You may have seen that Richie Porte is staying in a camper for the duration of the Giro and not in hotels like the rest of his team mates. Richie is a great guy, but if I were on his team I’d be out every night banging on the door!

But again it’s not all his choice. I’m guessing it’s a test for the Tour and Froome. It’ll be another “marginal gains” situation, same bed, no worrying about packing etc. It just seems overkill though. The stress of changing hotels isn’t that bad at the end of the day. Packing your suitcase every morning can be a pain at times but when you look at the whole picture it’s not as if it takes you two hours to clean out your hotel.

The “same bed” explanation is kind of flawed as many teams let their riders bring their own mattresses. LottoNL-Jumbo, Etixx-Quick-Step and a few other teams have vans that are filled with sponsored mattress that get put on the hotel beds every night.

Let’s talk about some of the up-and-comers for a moment. New guys come through every year; some go the distance, others don’t. One guy that has truly impressed me this year is neo-pro BMC rider Stefan Kung. That guy is pure class. You sit behind him on a bike and he looks as though he is made for cycling; a true athlete.
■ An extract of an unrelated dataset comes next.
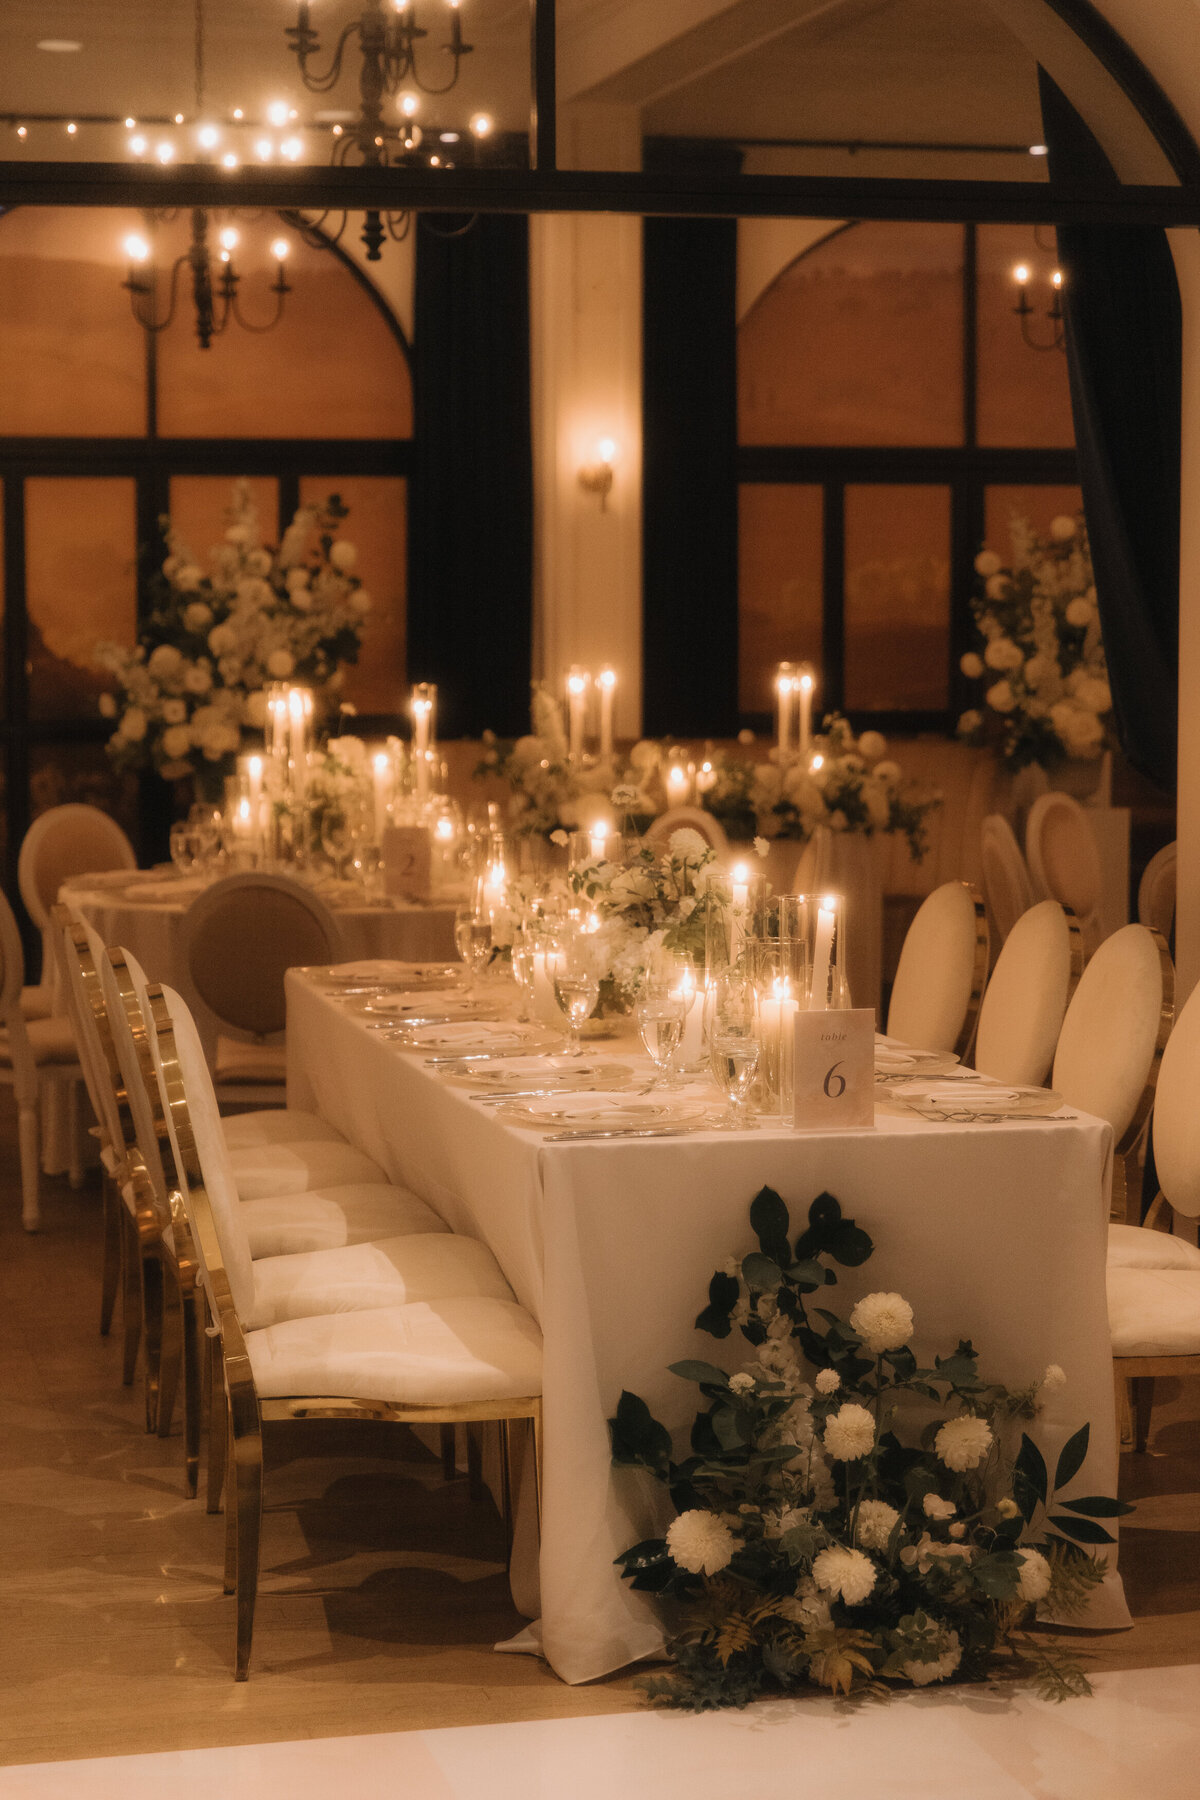 Atelier-Carmel-Wedding-Florist-GALLERY-Spaces-36

You can just see it — the muscles, the way he pedals, the way he sits on his bike, he has it. His stage win at the Tour de Romandie was particularly good.

Obviously Australia’s cycling media loves to focus on young Caleb Ewan. He’s another guy that I think should progress well if Orica-GreenEdge looks after him. He’s a big talent. I don’t know him that well — I’ve said hello in passing a few times but he seems respectful enough.

Sam Bennett is another guy worth keeping an eye out for. He has had some good wins lately and he sounds like Sean Kelly to boot. If he has half the class Kelly has he’ll be ripping things up soon. Seems a nice guy too.